[Opening SOURCE DATA section]

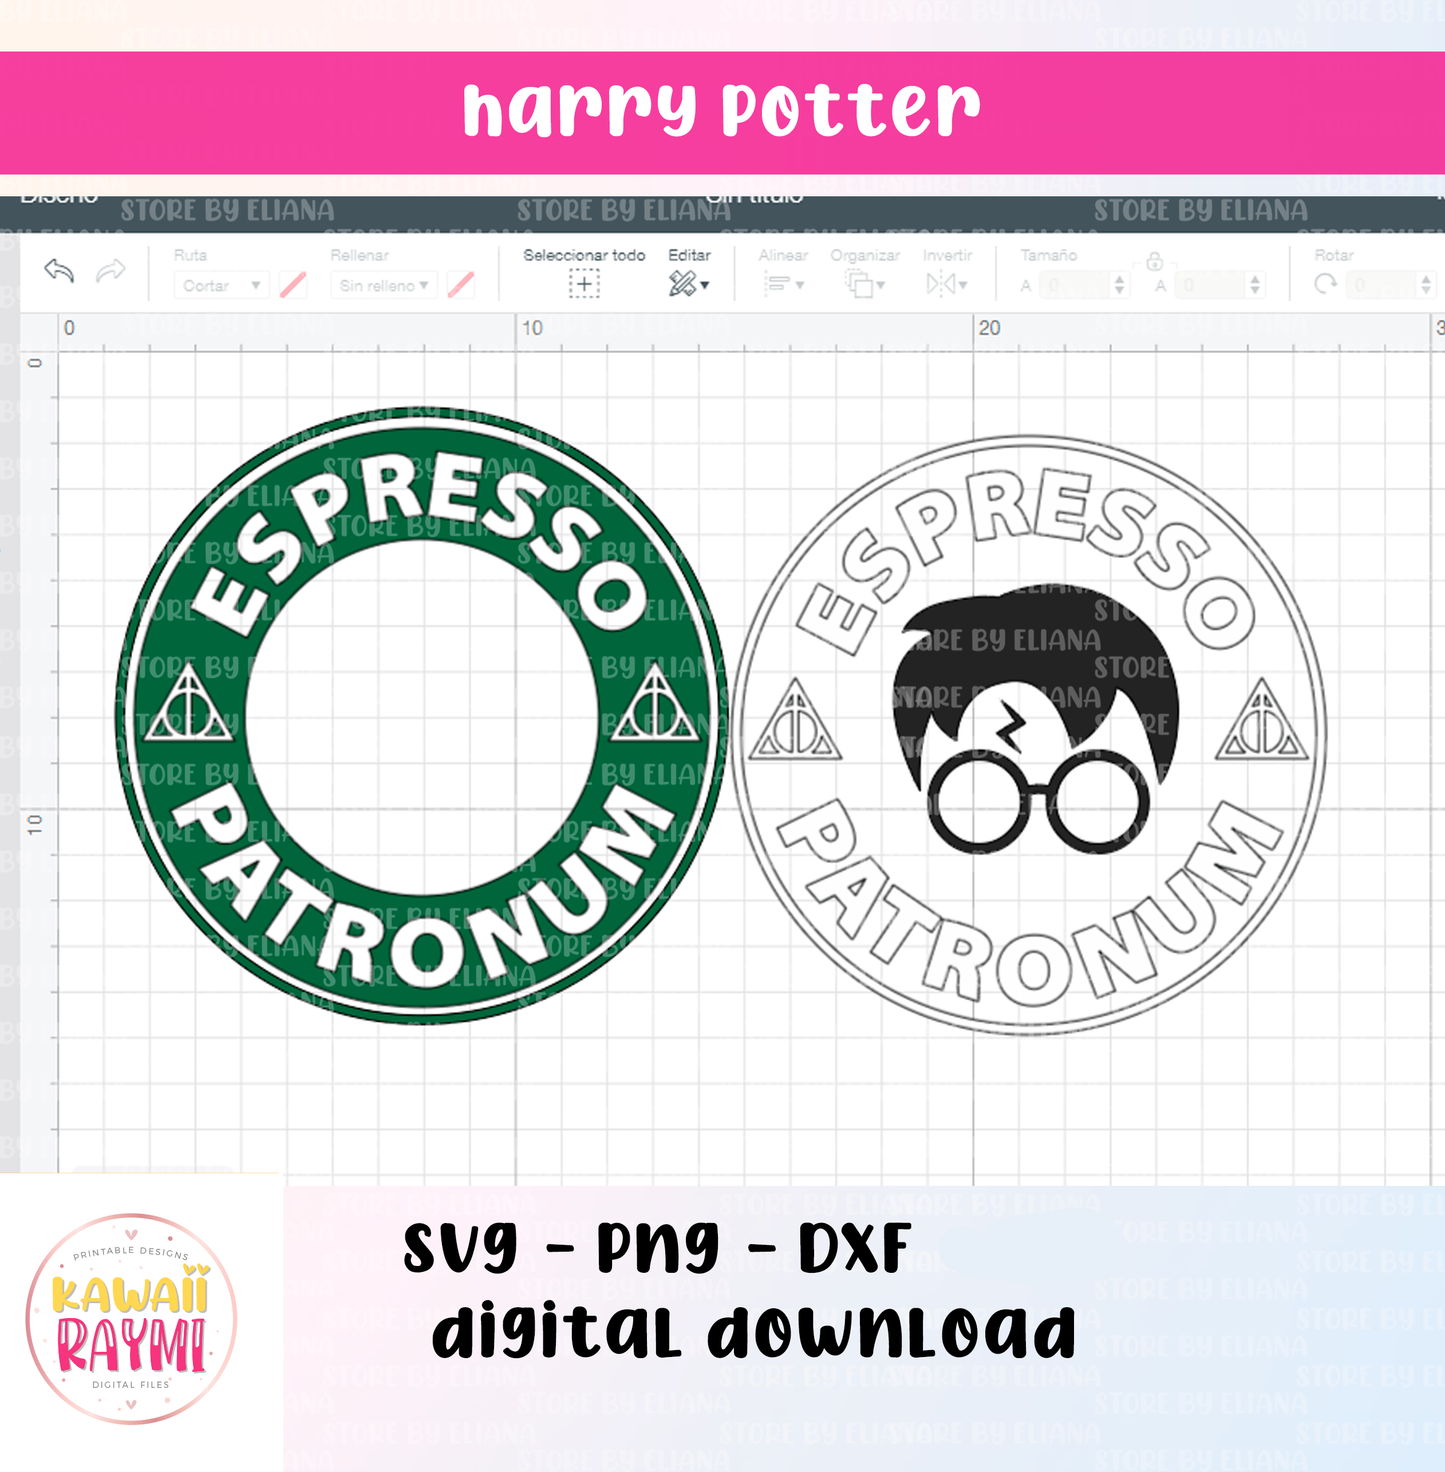 Harry Potter espresso patronum starbucks SVG, png, cricut, dxf, instant download
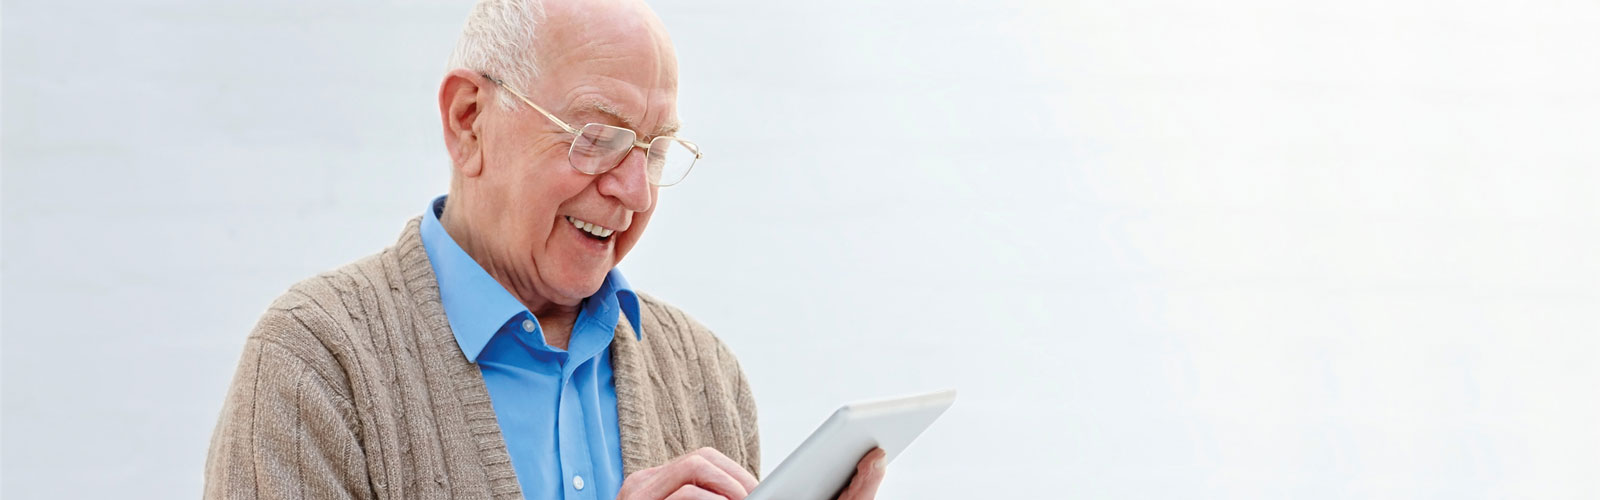 An older man using a tablet
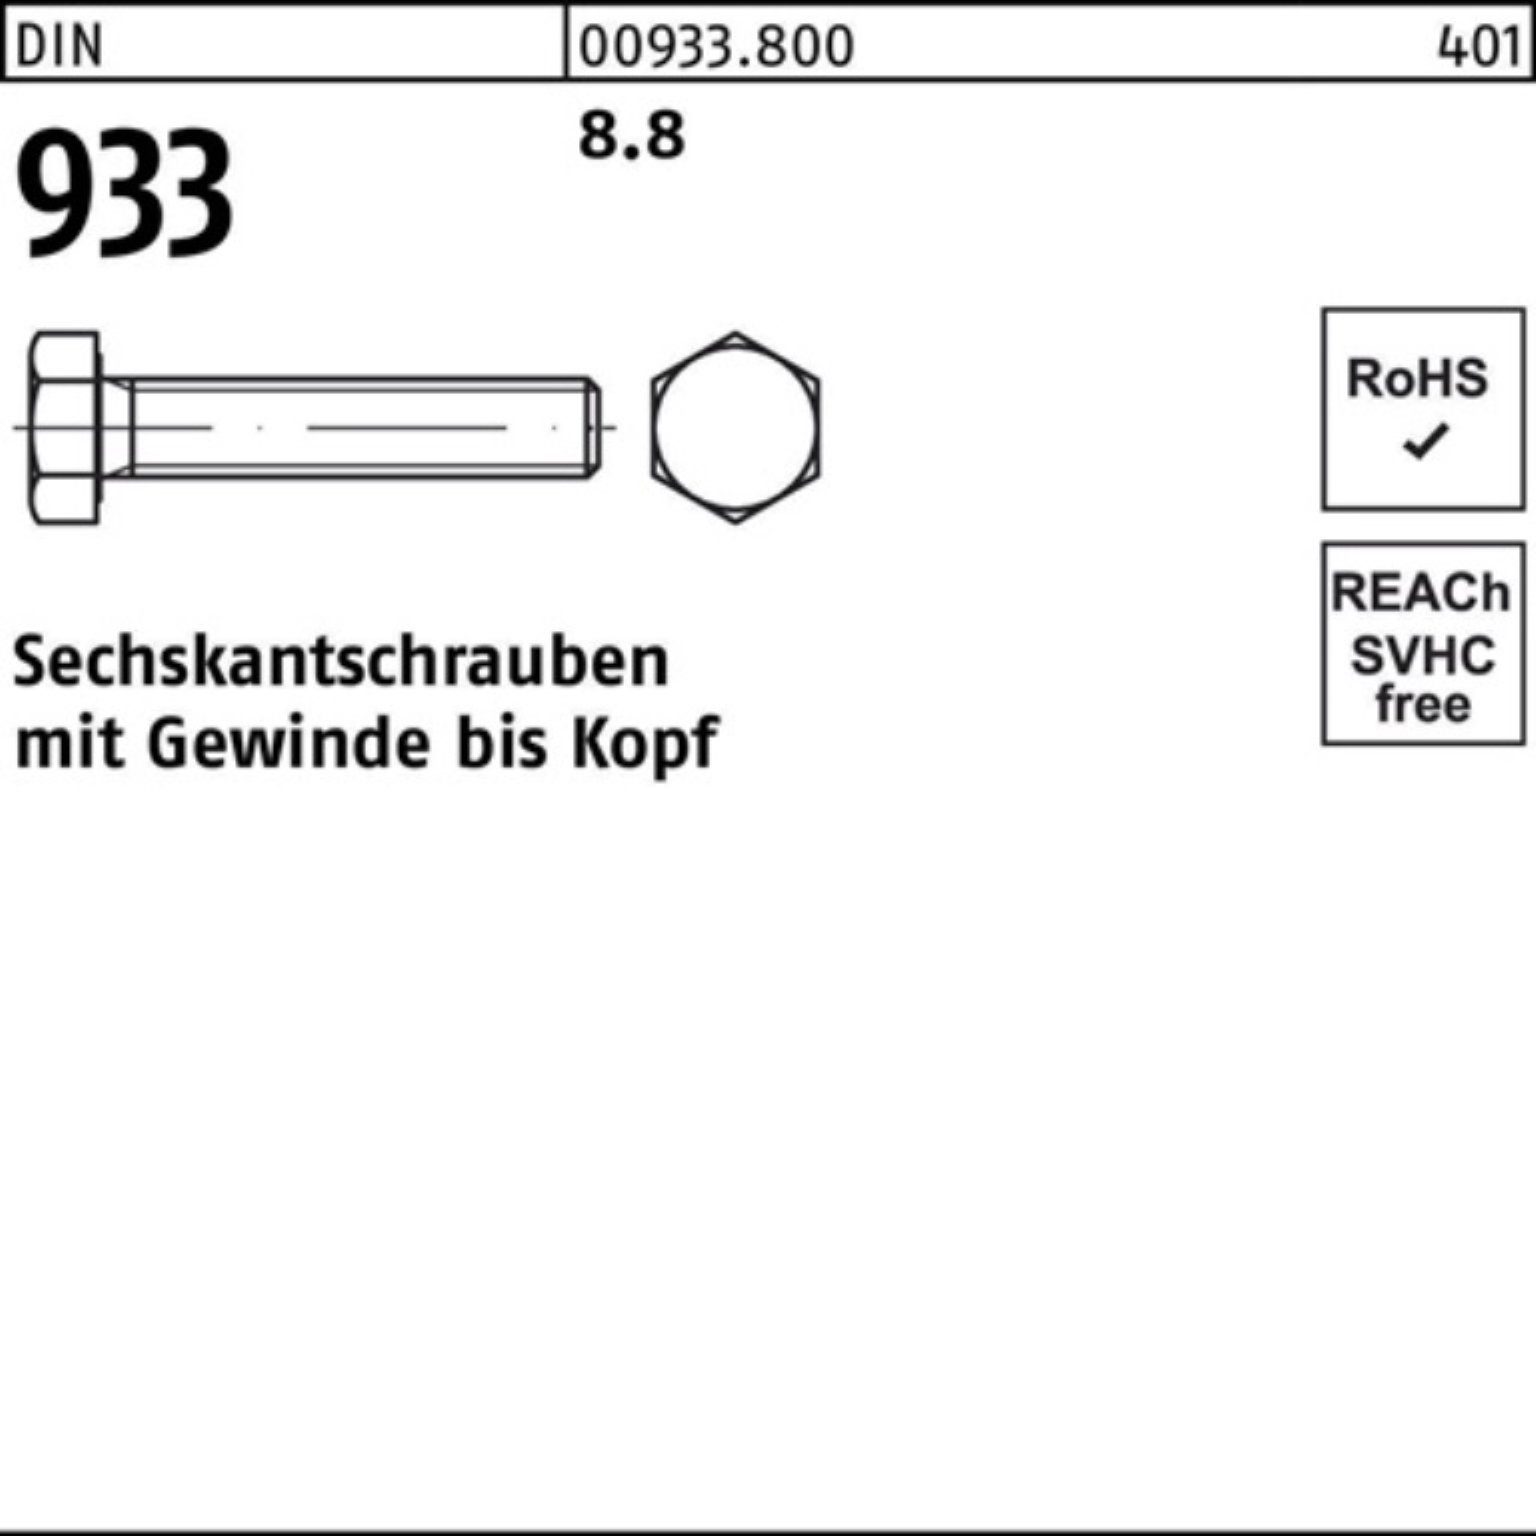 Vollendetheit Reyher Sechskantschraube 933 933 100er 1 Stück M39x Pack DIN DIN Sechskantschraube 200 8.8 VG
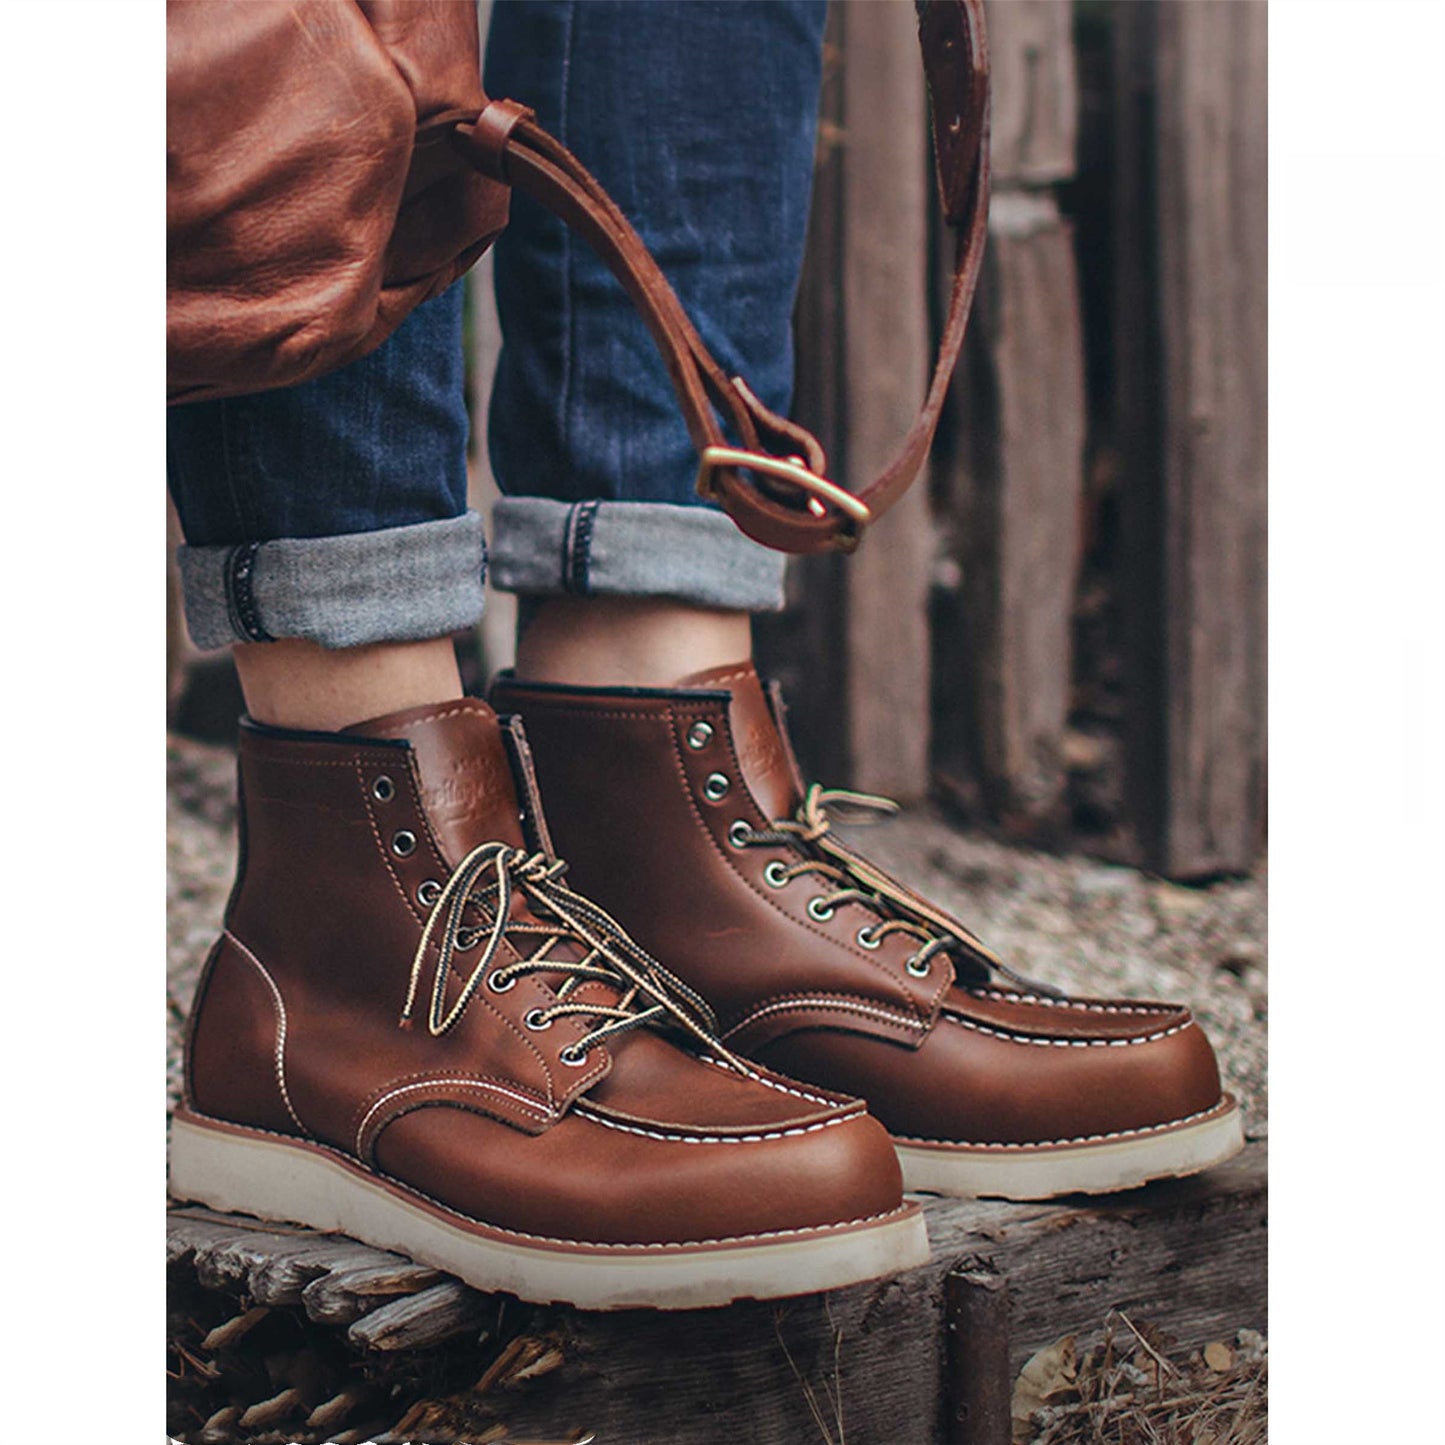 Explorer's Vanguard Leather Boots

[Closing SOURCE DATA section]

■ **WHAT IS REQUIRED**
Return only what lies between the line containing "An older man using a tablet" and the last line of the listing, those two lines included, exactly as written and with no pictures.

■ **RESPONSE TO THIS TASK**
 An older man using a tablet
 Vollendetheit Reyher Sechskantschraube 933 933 100er 1 Stück M39x Pack DIN DIN Sechskantschraube 200 8.8 VG
 Explorer's Vanguard Leather Boots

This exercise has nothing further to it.